Mahmud Asif, Gayah Vikash V, Paleti Rajesh
Department of Civil and Environmental Engineering, The Pennsylvania State University, 231 Sackett Building, University Park, PA 16802, United States.
Accid Anal Prev. 2023 May;184:106998. doi: 10.1016/j.aap.2023.106998. Epub 2023 Feb 11.
Crash misclassification (MC) - e.g., a crash of one type or severity being mistakenly miscategorized as another - is a relatively common problem in transportation safety. Crash frequency models for individual crash categories estimated using datasets with MC errors could result in biased parameter estimates and thus lead to ineffective countermeasure planning. This study proposes a novel methodological formulation to directly account for this MC error and incorporates it into the two most common count data models used for crash frequency prediction: Poisson and Negative Binomial (NB) regression. The proposed framework introduces probabilistic MC rates among different crash types and modifies the likelihood function of the count models accordingly. The paper also demonstrates how this approach can be integrated into reformulated models that express each count model as a discrete choice model. The capability of the proposed models to estimate true parameters, given the existence of MC error, is examined via simulation analysis. Then, the proposed models are applied to empirical data to examine the presence of MC in crash data and further examine the robustness of the proposed models. Although the MC rates are found to be very low in the empirical data, the fit of proposed models are found to be better compared to the models that ignore MC error and thus likely provide more reliable parameter estimates.
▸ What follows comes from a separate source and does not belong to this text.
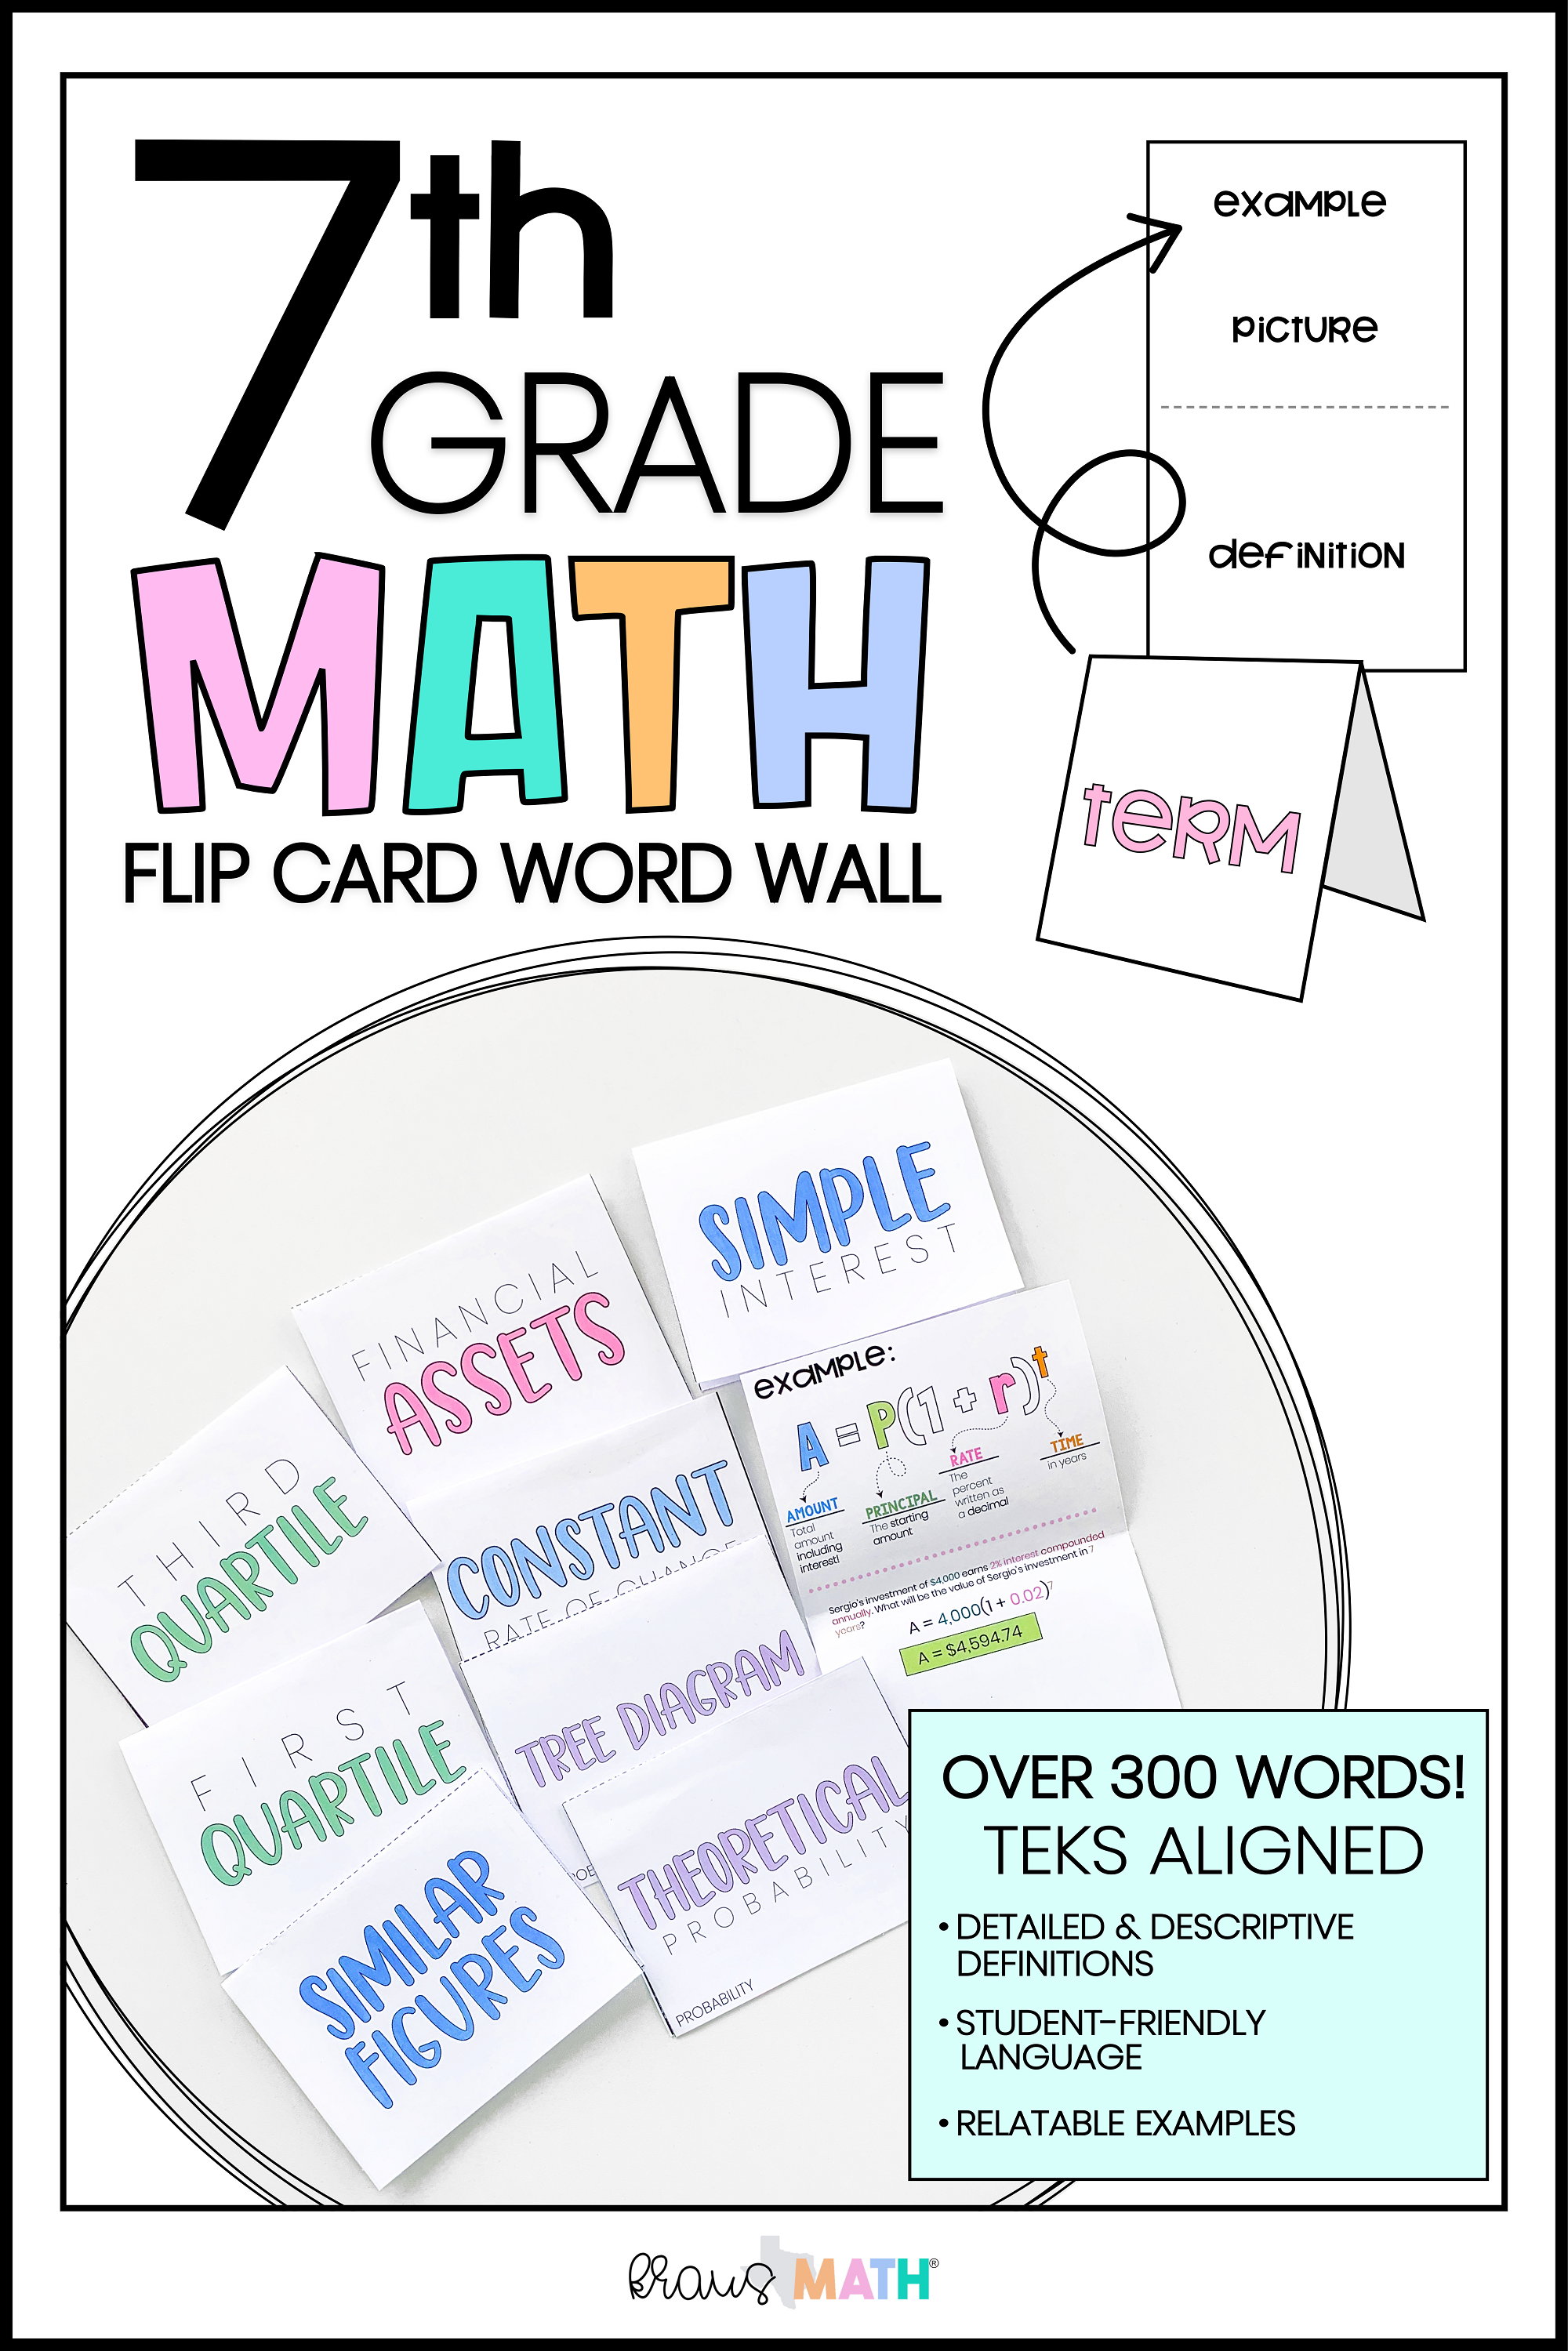 7th Grade Math Flip Card Word Wall Kraus Math 7th Grade Math Math Word Walls Homeschool Math [ 2999 x 2000 Pixel ]

碰撞误分类(MC)——例如,一种类型或严重程度的碰撞被错误地归类为另一种——是运输安全中一个相对常见的问题。使用存在MC误差的数据集估计的单个碰撞类别的碰撞频率模型可能会导致参数估计有偏差,从而导致无效的对策规划。本研究提出了一种新颖的方法公式,以直接考虑这种MC误差,并将其纳入用于碰撞频率预测的两种最常见的计数数据模型:泊松回归和负二项式(NB)回归。所提出的框架引入了不同碰撞类型之间的概率性MC率,并相应地修改了计数模型的似然函数。本文还展示了如何将这种方法整合到将每个计数模型表示为离散选择模型的重新制定的模型中。通过模拟分析检验了所提出模型在存在MC误差情况下估计真实参数的能力。然后,将所提出的模型应用于实证数据,以检验碰撞数据中MC的存在情况,并进一步检验所提出模型的稳健性。尽管在实证数据中发现MC率非常低,但与忽略MC误差的模型相比,所提出模型的拟合效果更好,因此可能提供更可靠的参数估计。